IMF Has to Change its Policies Because of Greece

The Greek economic tragedy has damaged all those involved. That is also true of the International Monetary Fund (IMF). In May 2010, the IMF approved its biggest financial assistance program ever for Greece—no less than €30 billion—resulting in current Greek obligations of €21.2 billion to the IMF, though the European Union (EU) credits to Greece have been ten times larger.

No IMF program has failed more spectacularly. On June 30, Greece failed to pay back €1.5 billion to the IMF, leading to the biggest default in its seventy-year history. This was quite an embarrassment, not just for Greece, but also for such a highly professional organization as the IMF, which stands for fiscal responsibility. The IMF will now need to rethink its policy.
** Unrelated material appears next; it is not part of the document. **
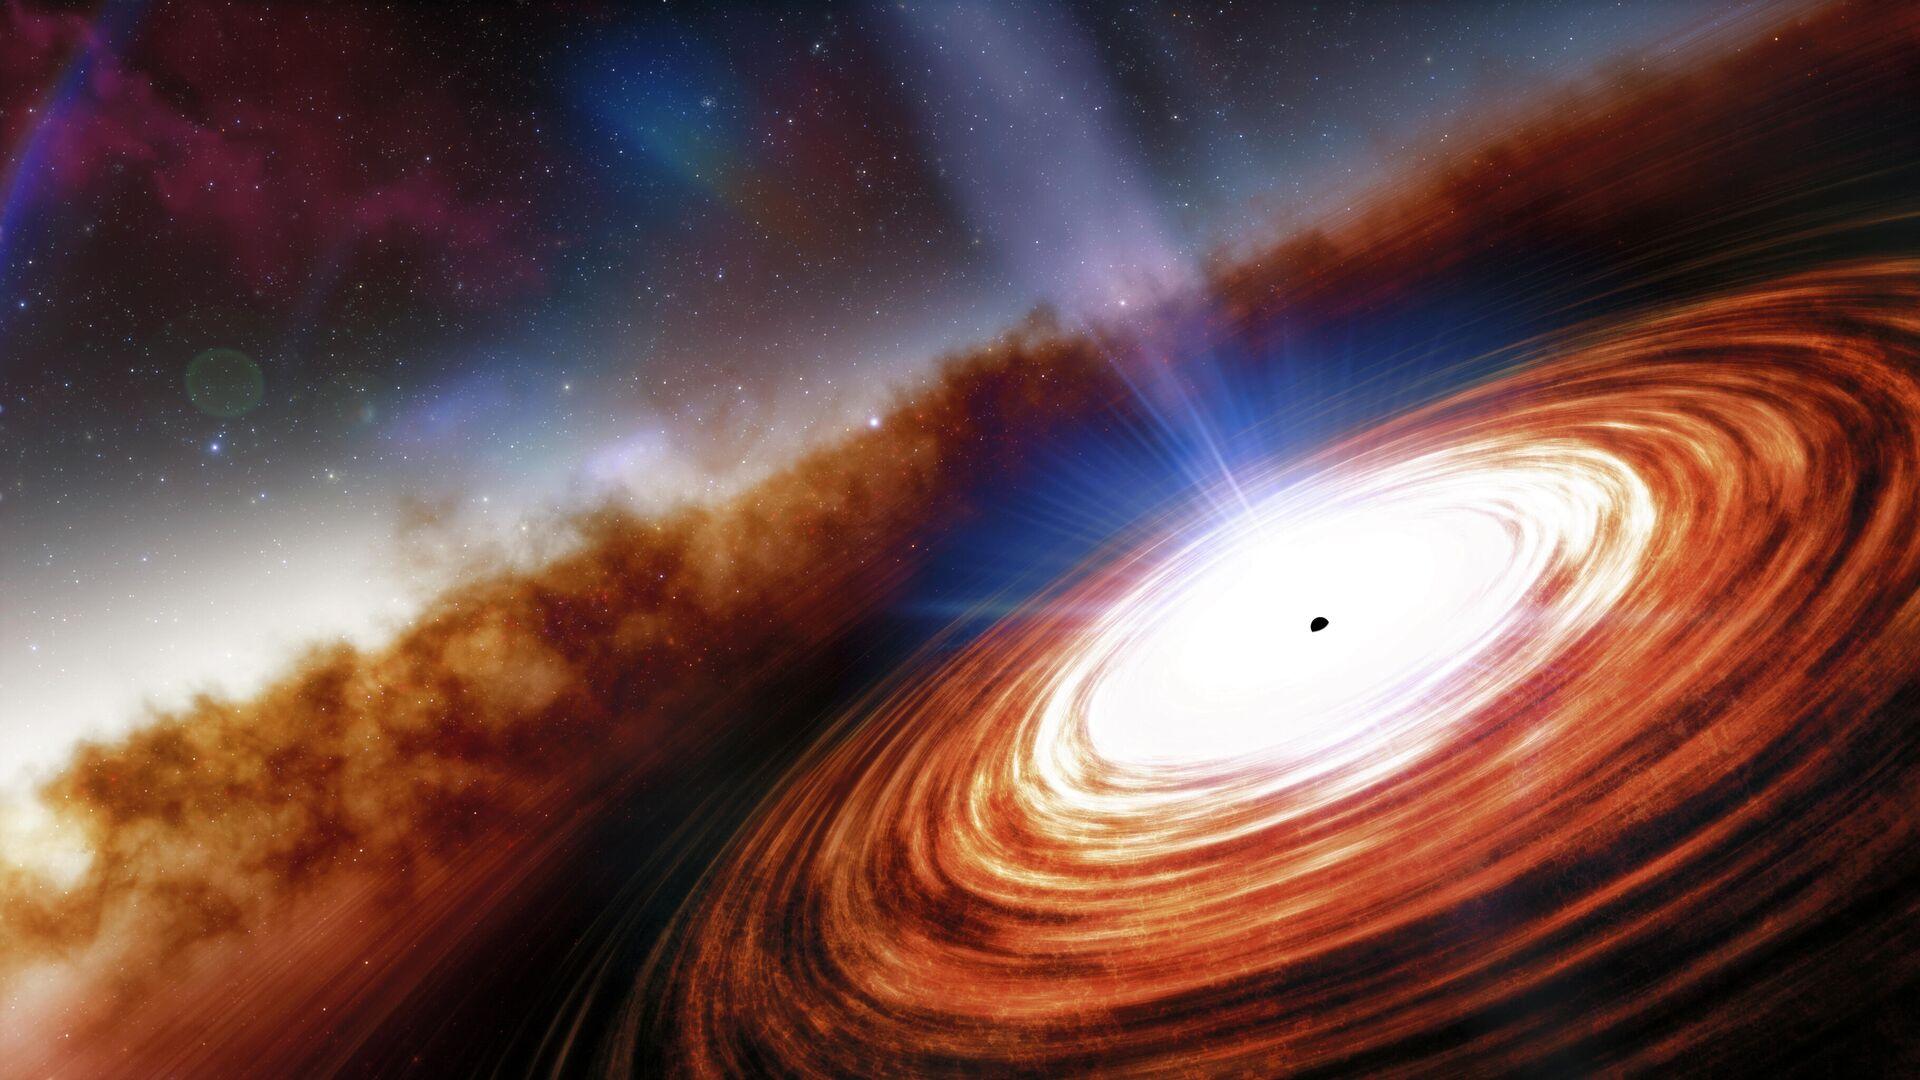 Так в представлении художника выглядел квазар J0313–1806 сразу после образования - РИА Новости, 1920, 12.01.2021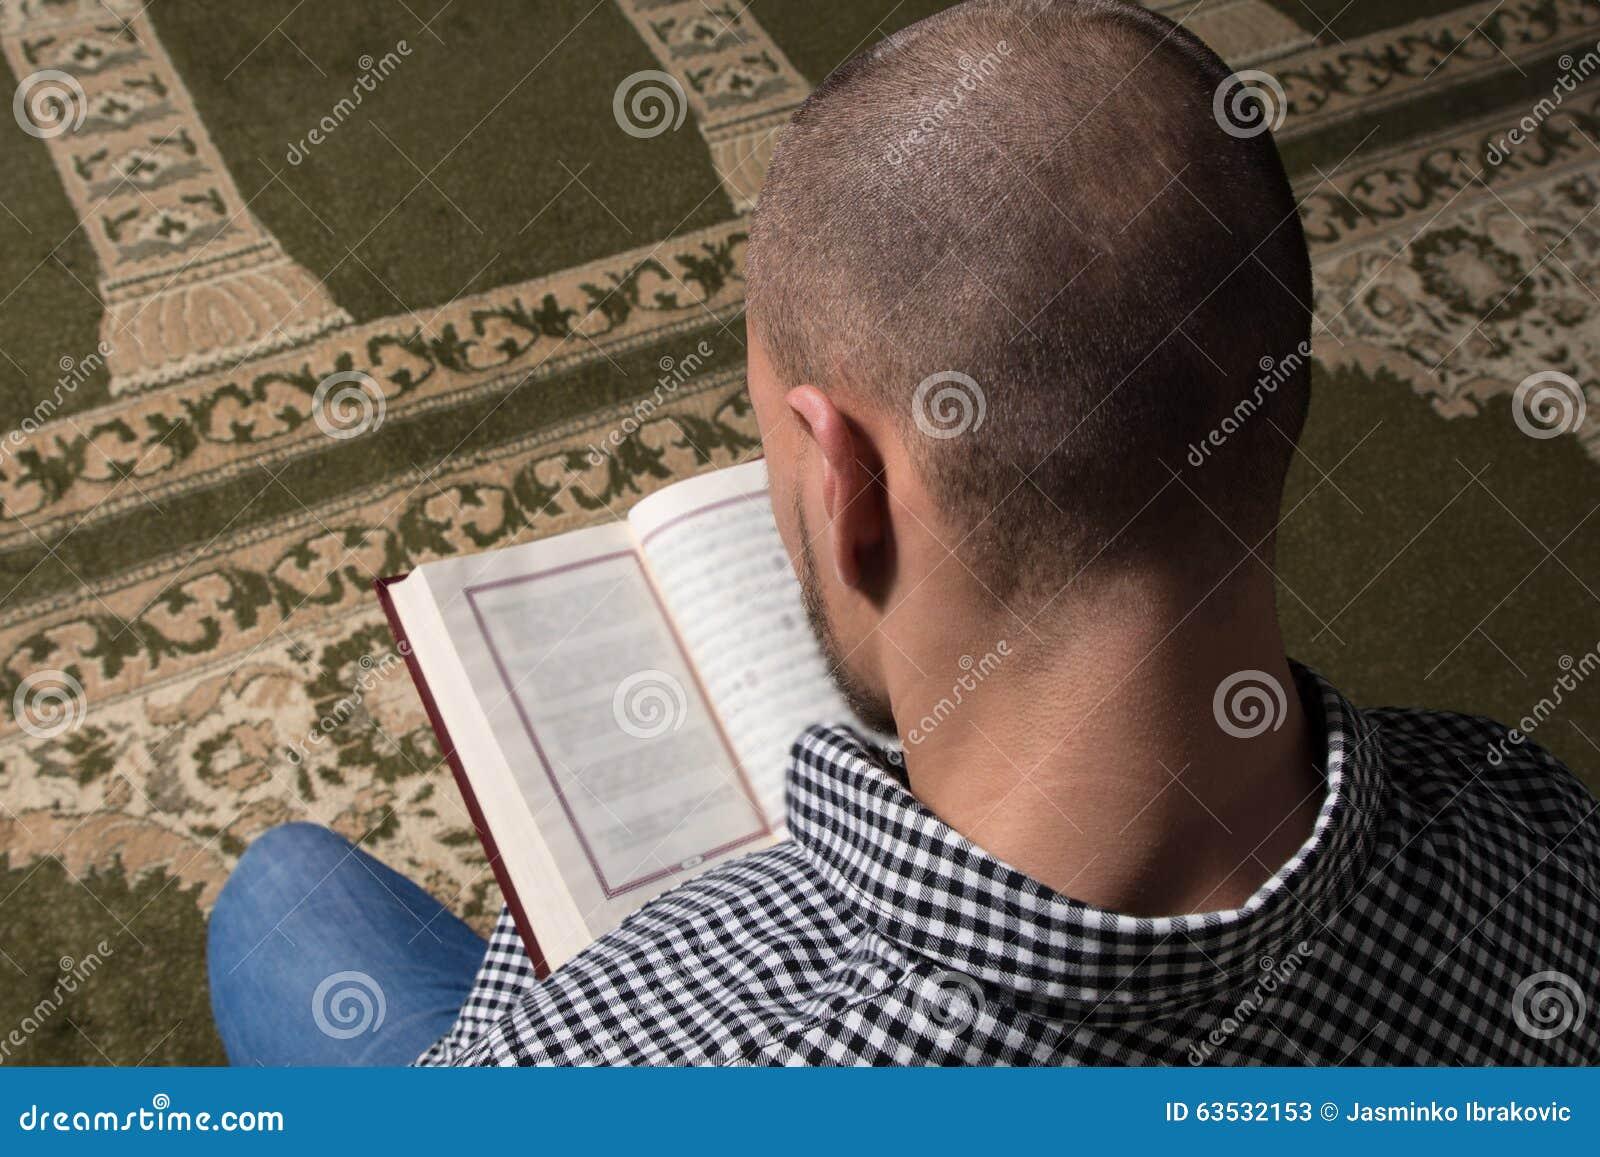 Moslemischer Mann, Der Den Heiligen Islamischen Buch-Koran

The IMF’s fundamental mistake lay in its adoption of its Greek program of May 2010. It was not only the biggest IMF program, but also one of the softest. Even earlier, Devesh Kapur and Arvind Subramanian complained that emerging market countries saw the IMF as Atlantic-centered and Europe-dominated, a “Euro-Atlantic Monetary Fund.” The IMF seemed to prescribe tough conditions for emerging economies, but soft ones with more financing for European economies.

Not only did the IMF and the EU allow Greece far too slow fiscal adjustment, they also permitted minimal structural reforms and very high public expenditures. Throughout the crisis, Greece has had among the highest public expenditures in Europe, ranging from 50-60 percent of GDP, according to Eurostat, the EU’s statistical office. Under such conditions, growth and increased employment were virtually impossible. The problem was too little early action.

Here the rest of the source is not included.